Let's justify the columns to help parse this input:

oid side price size

a S 105 100

b B 95 100

The first row is a header row. Every subsequent row contains a limit order, which is

described by the following fields:

• oid (order id) is stored in the book and used to process (partial) cancellations of orders

that arise in "reduce" messages, described below;

• side identifies whether this is a bid ('B' for buy) or an ask ('S' for sell);

• price and size are self-explanatory.

Existing code in common.R will read in a file like input/book_1.csv and create the

corresponding two (possibly empty) orders book as two data frames that will be stored in the

list book, a version of which will be passed to all of the six functions that you are required to

implement.

Note that if we now change the message file to a non-empty one, template.R will produce

the same output (since it doesn't parse the messages; you need to write the code, functions

5 and 6, to do that):

$ Rscript main.R template.R input/book_1.csv input/message_a.txt

$ask

oid price size

1 a 105 100

$bid

oid price size

1 b 95 100

Total volume:

Best prices:

Mid-price:

Spread:

If correct message parsing and book updating is implemented, book would be updated

according to input/adds_only.txt to give the following output:

$ Rscript main.R solution.R input/book_1.csv input/message_a.txt

$ask

oid price size

8 a 105 100

7 o 104 292

6 r 102 194

5 k 99 71

4 q 98 166

3 m 98 88

2 j 97 132

1 n 96 375

$bid

oid price size

1 b 95 100

2 l 95 29

3 p 94 87

4 s 91 102

Total volume: 318 1418

Best prices: 95 96

Mid-price: 95.5

Spread: 1

Before we go into details on the message format and reconstructing the order book, let's

discuss the first four functions that compute the book stats, which we also see correctly

computed in this example.

Computing limit order book stats

The first four of the functions that you need to implement compute limit order book stats,

and can be developed and tested without parsing the order messages at all. In particular,

you can develop and test the first four functions using an empty message file,

input/empty.txt, as in the first example above.

The return values of the four functions should be as follows (where, as usual in R, single

numbers are actually numeric vectors of length 1):

• book.total_volumes should return a list with two named elements, bid, which should

contain the total volume in the bid book, and ask, which should contain the total volume

in the ask book;

• book.best_prices <- function(book) should return a list with two named elements,

bid, which should contain the best bid price, and ask, which should contain the best ask

price;

• book.midprice should return the midprice of the book;

• book.spread should return the spread of the book;

You should check that the output of these functions in the example above that uses

solution.R are what you expect them to be.

We now move on to the reconstructing the order book from the messages in the input

message file.

Reconstructing the order book from messages

You do not need to look into the details of the (fully implemented) functions

book.reconstruct or book.handle in common.R that manage the reconstruction of the book

from the starting initial book according to the messages (but you can if you want).

In the next section, we describe that there are two types of message, "Add" messages and

"Reduce" messages.
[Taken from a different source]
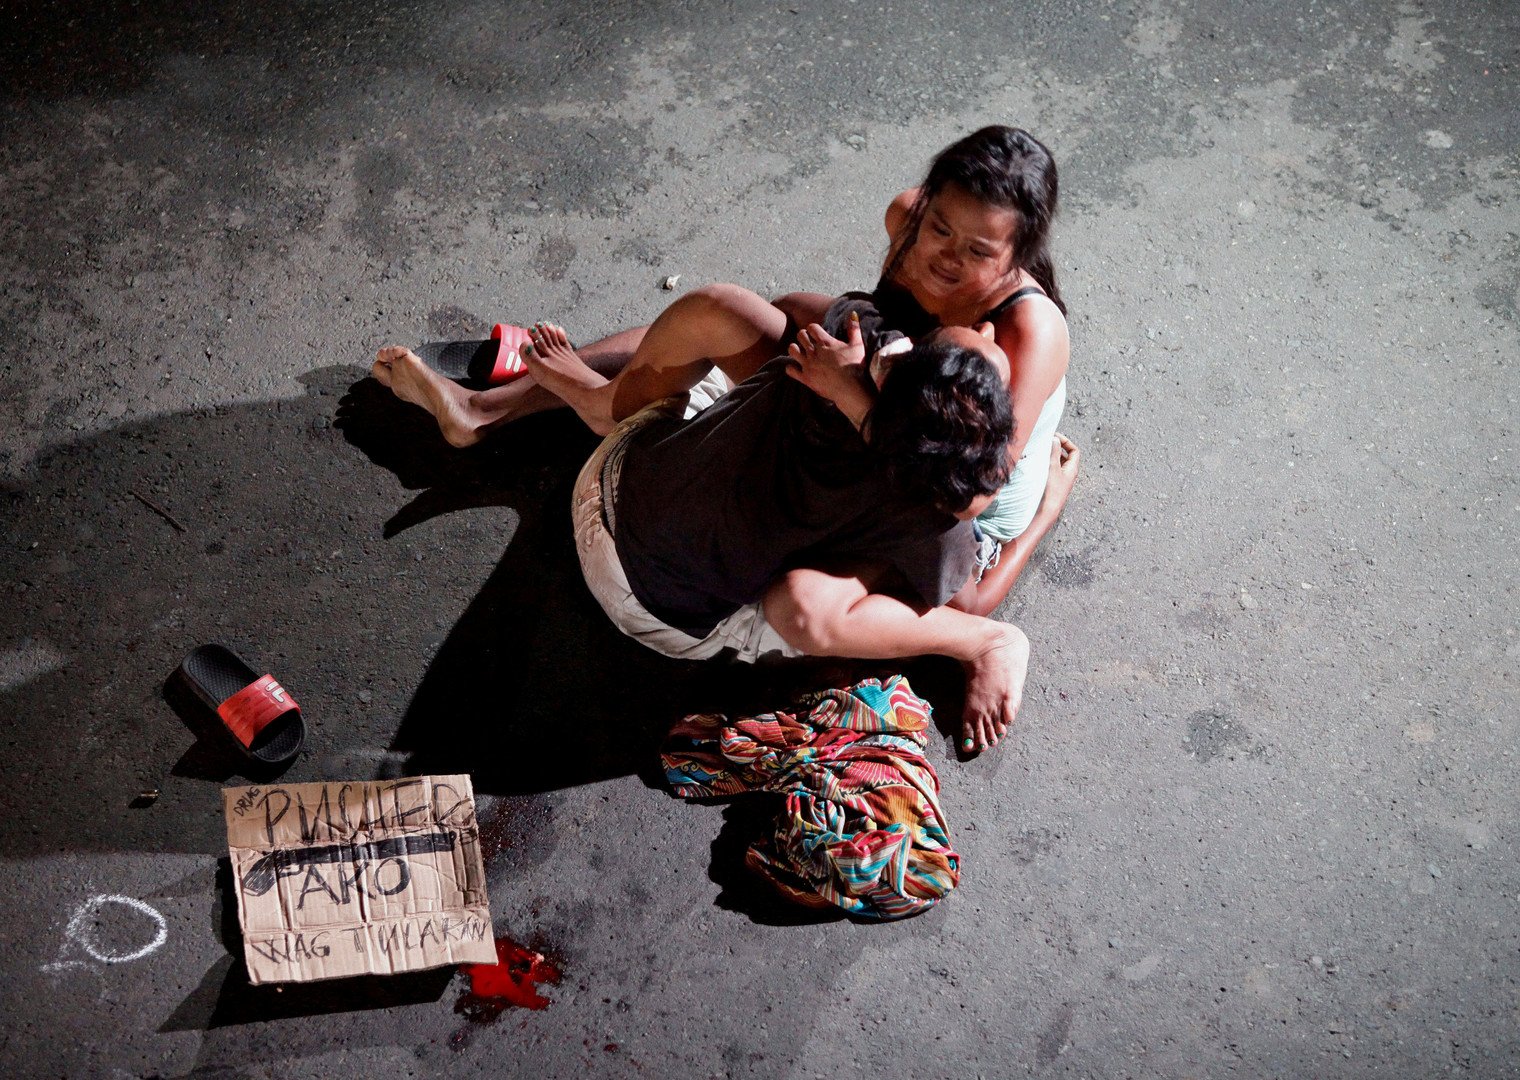 هكذا تتعامل سلطات الفلبين مع تجار المخدرات..

All you need to know to complete the assignment is that messages in

the input file are processed in order, i.e., line by line, with "Add" messages passed to

book.add and "Reduce" messages passed to book.reduce, along with the current book in

both cases.

Message Format

The message file contains one message per line (terminated by a single linefeed character,

'\n'), and each message is a series of fields separated by spaces.

There are two types of messages: "Add" and "Reduce" messages. Here's an example,

which contains an "Add" message followed by a "Reduce" message:

A c S 97 36

R a 50

An "Add" message looks like this:

'A' oid side price size

• 'A': fixed string identifying this as an "Add" message;

• oid: "order id" used by subsequent "Reduce" messages;

• side: 'B' for a buy order (a bid), and an 'S' for a sell order (an ask);

• price: limit price of this order;

• size: size of this order.

A "Reduce" message looks like this:

'R' oid size

• 'R': fixed string identifying this as a "Reduce" message;

• oid: "order id" identifies the order to be reduced;

• size: amount by which to reduce the size of the order (not the new size of the order); if

size is equal to or greater than the existing size of the order, the order is removed from

the book.

Processing messages

"Reduce" messages will affect at most one existing limit order in the book.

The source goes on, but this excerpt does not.